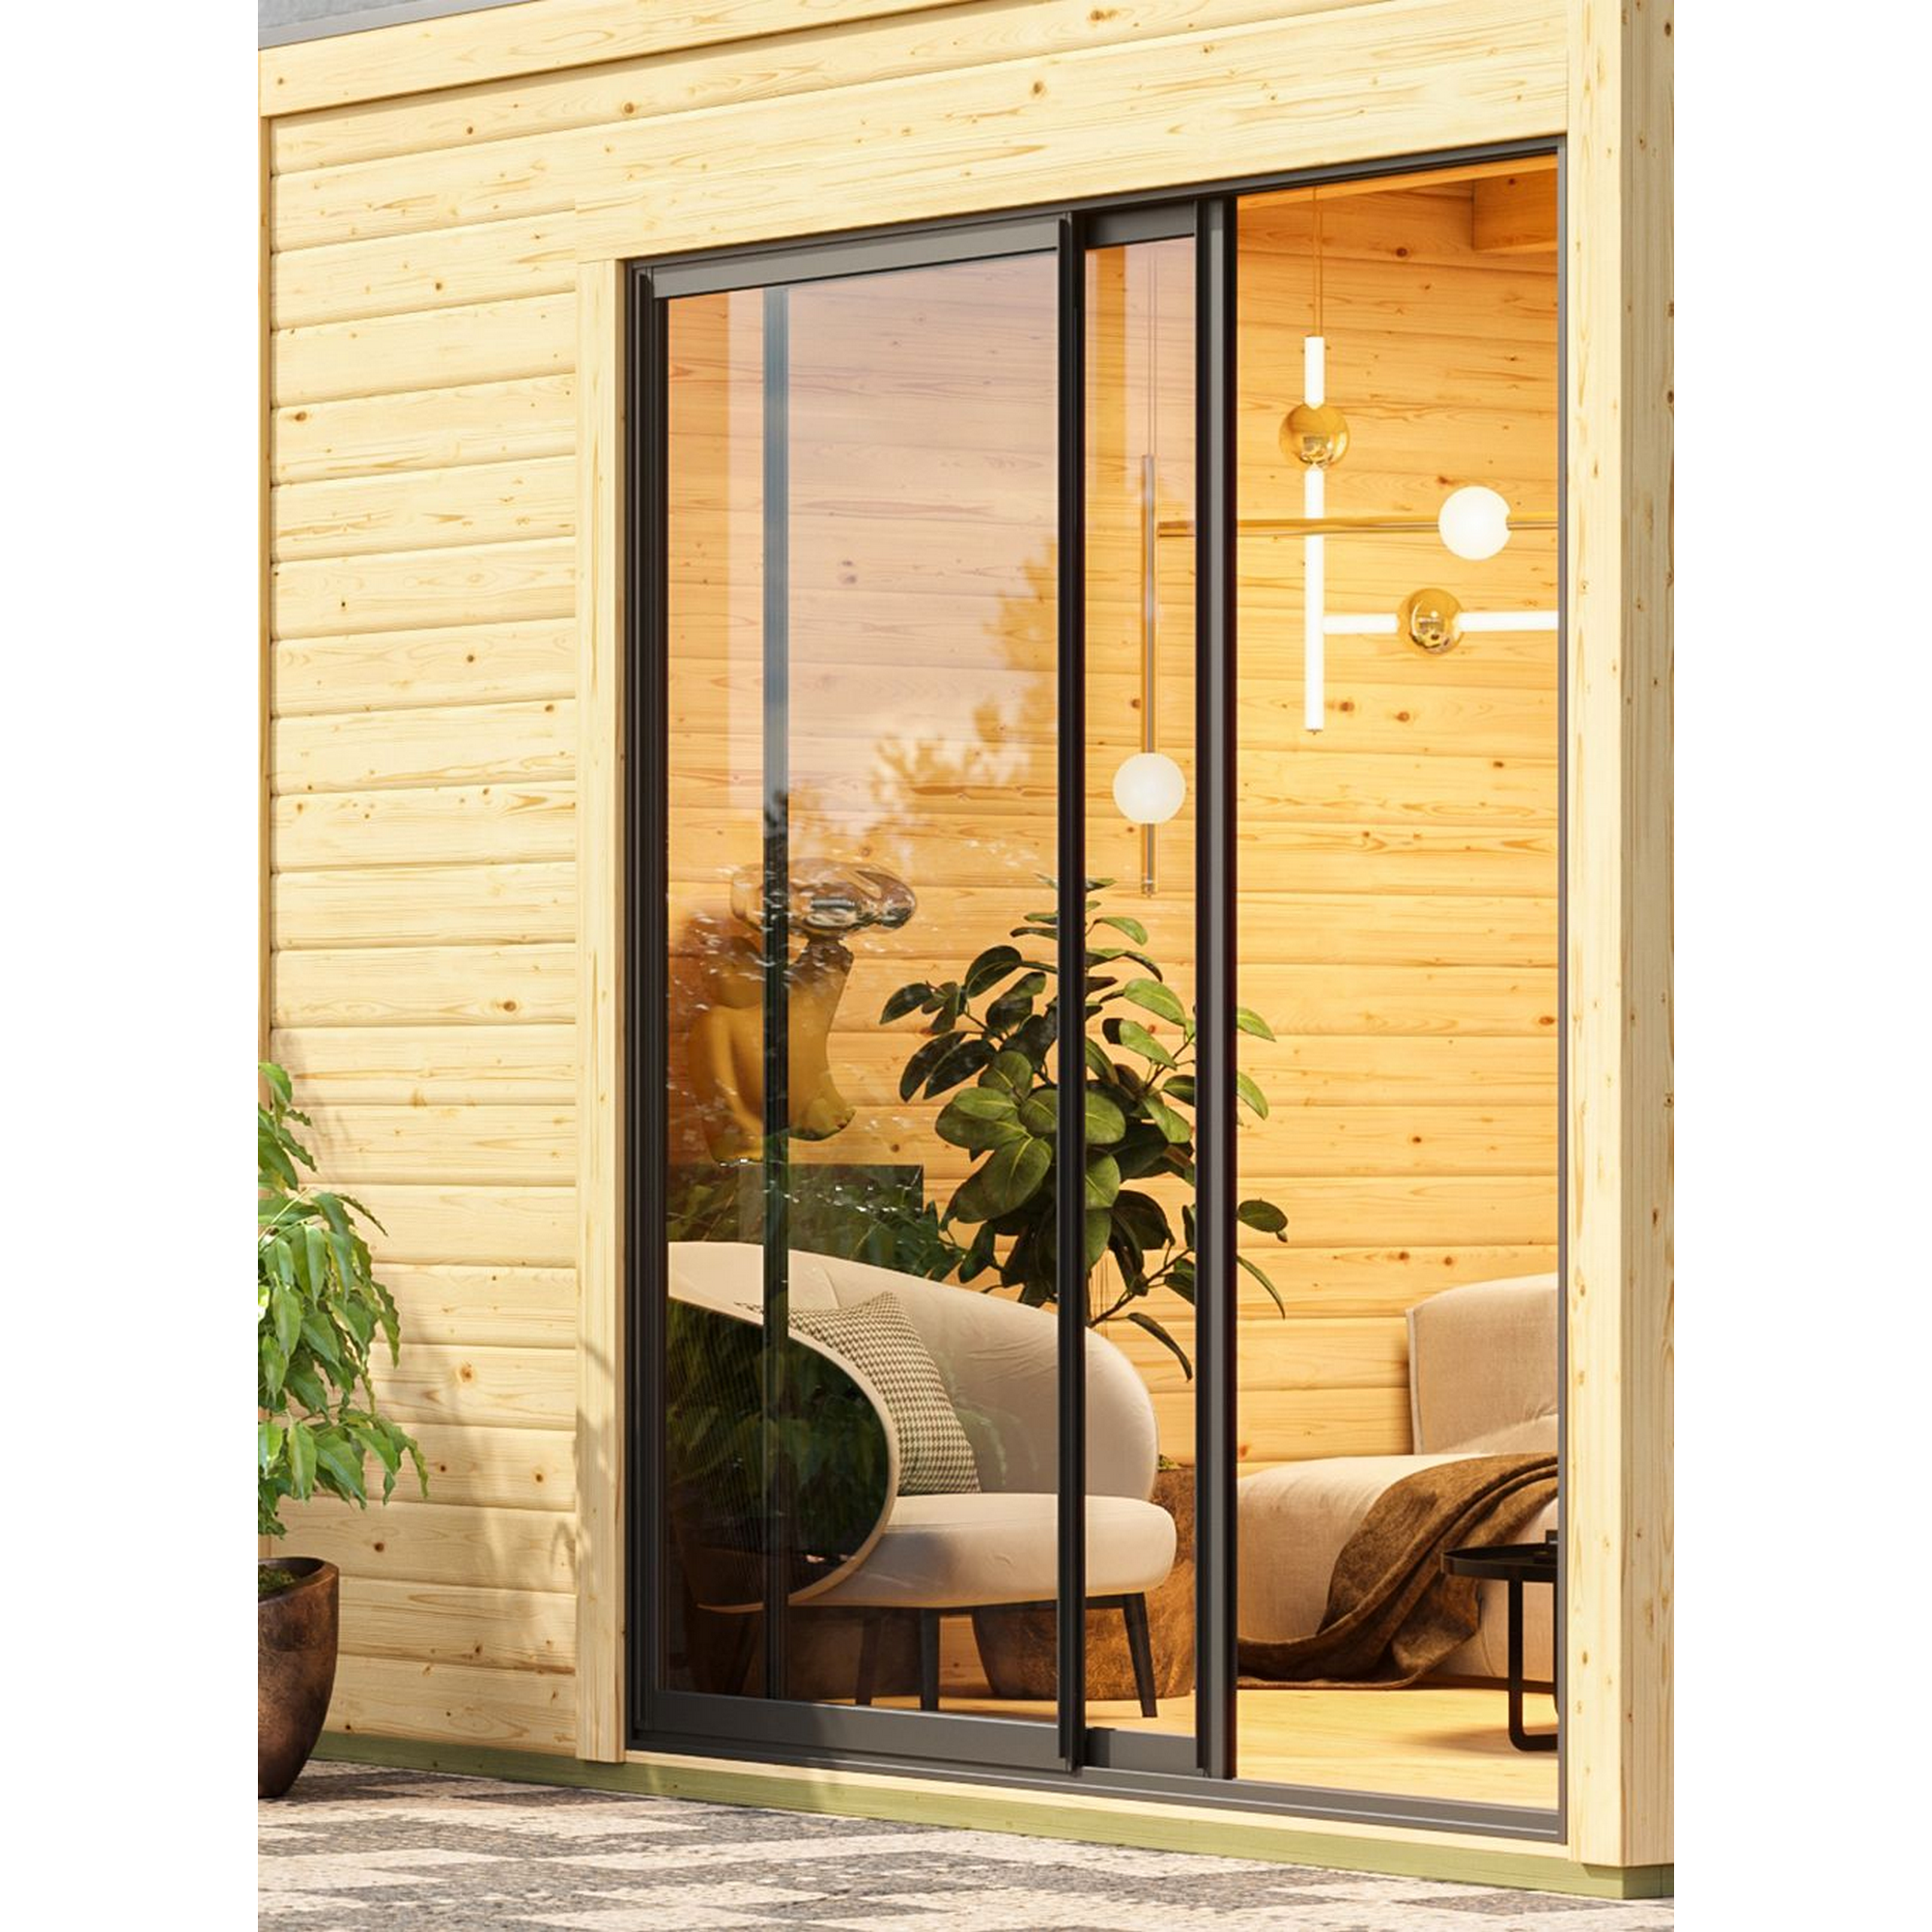 Gartenhaus mit Sauna 'Enrique 1 Variante B' anthrazit 9 kW Ofen externe Steuerung 308 x 308 x 242 cm + product picture
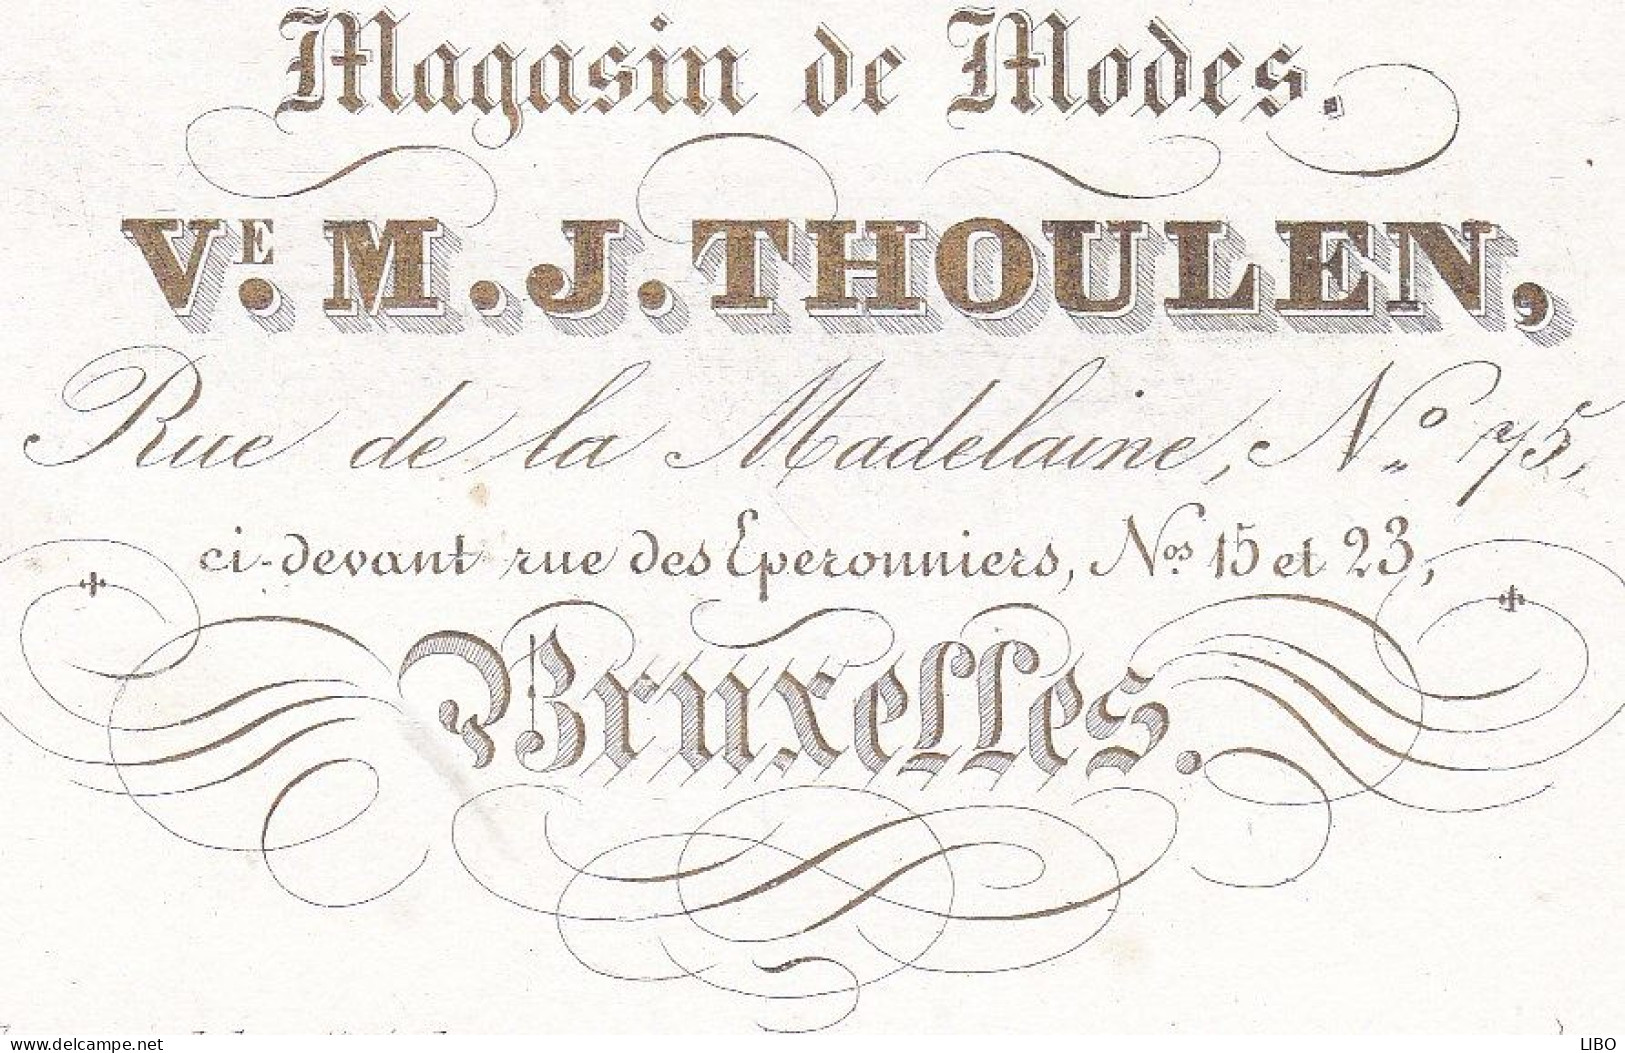 BRUXELLES Magasin De Modes V. THOULEN Rue De La Madeleine 75 Carte De Visite Porcelaine C. 1860 - Visitenkarten
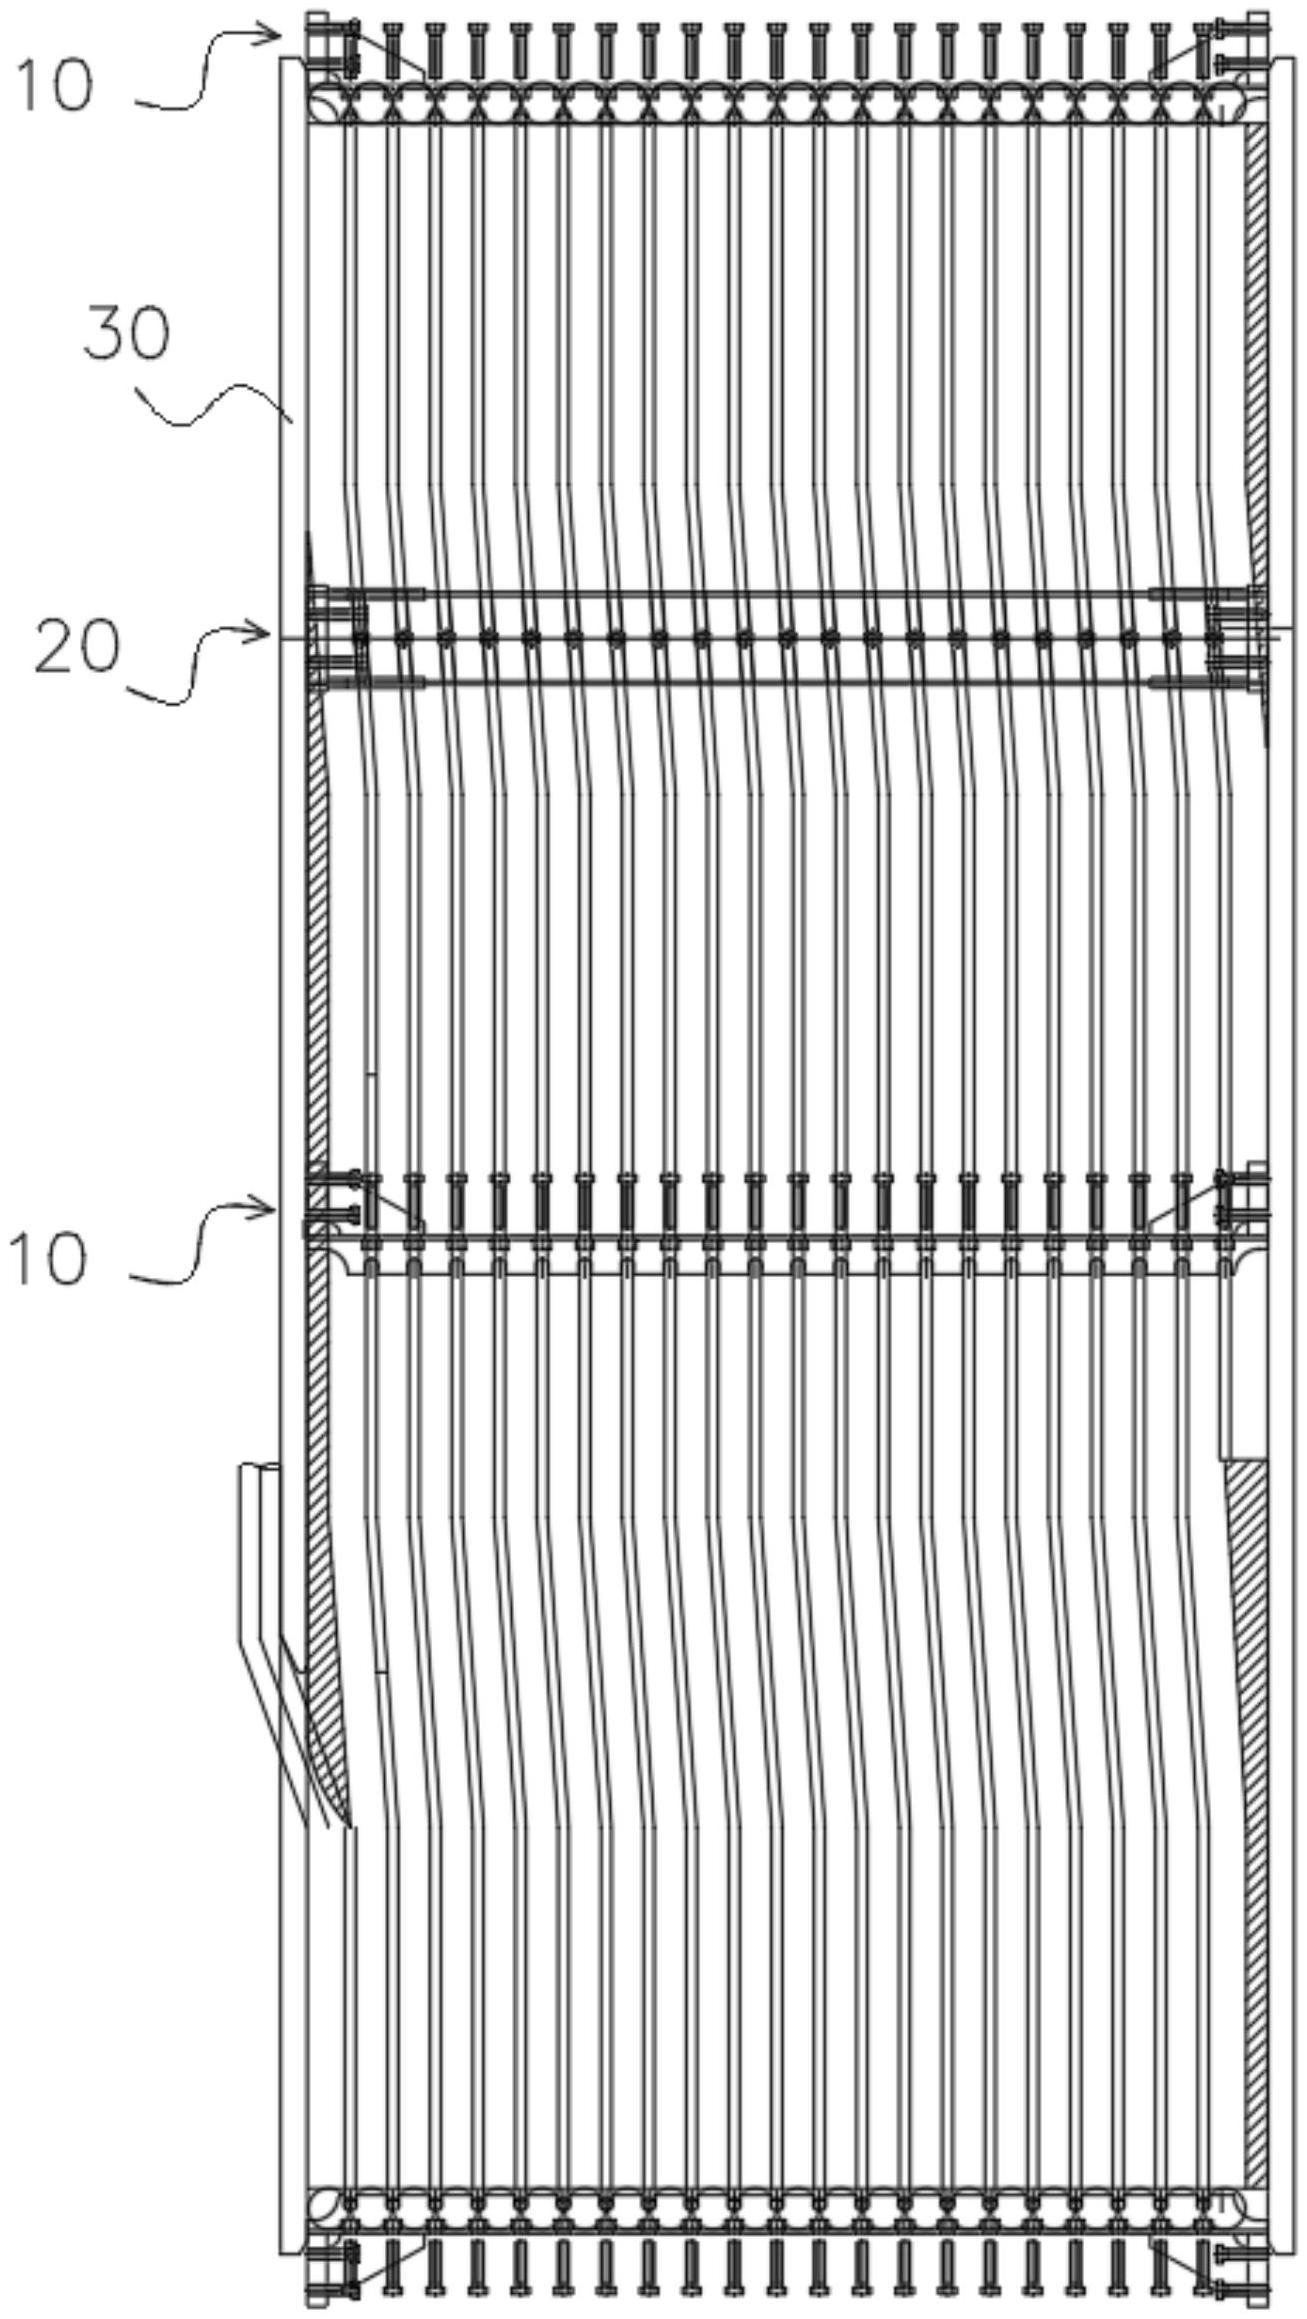 里巴斯绳槽定位装置的制作方法

------------------------------------

The line containing "BRUXELLES Magasin De" and each line after it through the end of the listing above are to be written out exactly, without the pictures.

 BRUXELLES Magasin De Modes V. THOULEN Rue De La Madeleine 75 Carte De Visite Porcelaine C. 1860 - Visitenkarten
 里巴斯绳槽定位装置的制作方法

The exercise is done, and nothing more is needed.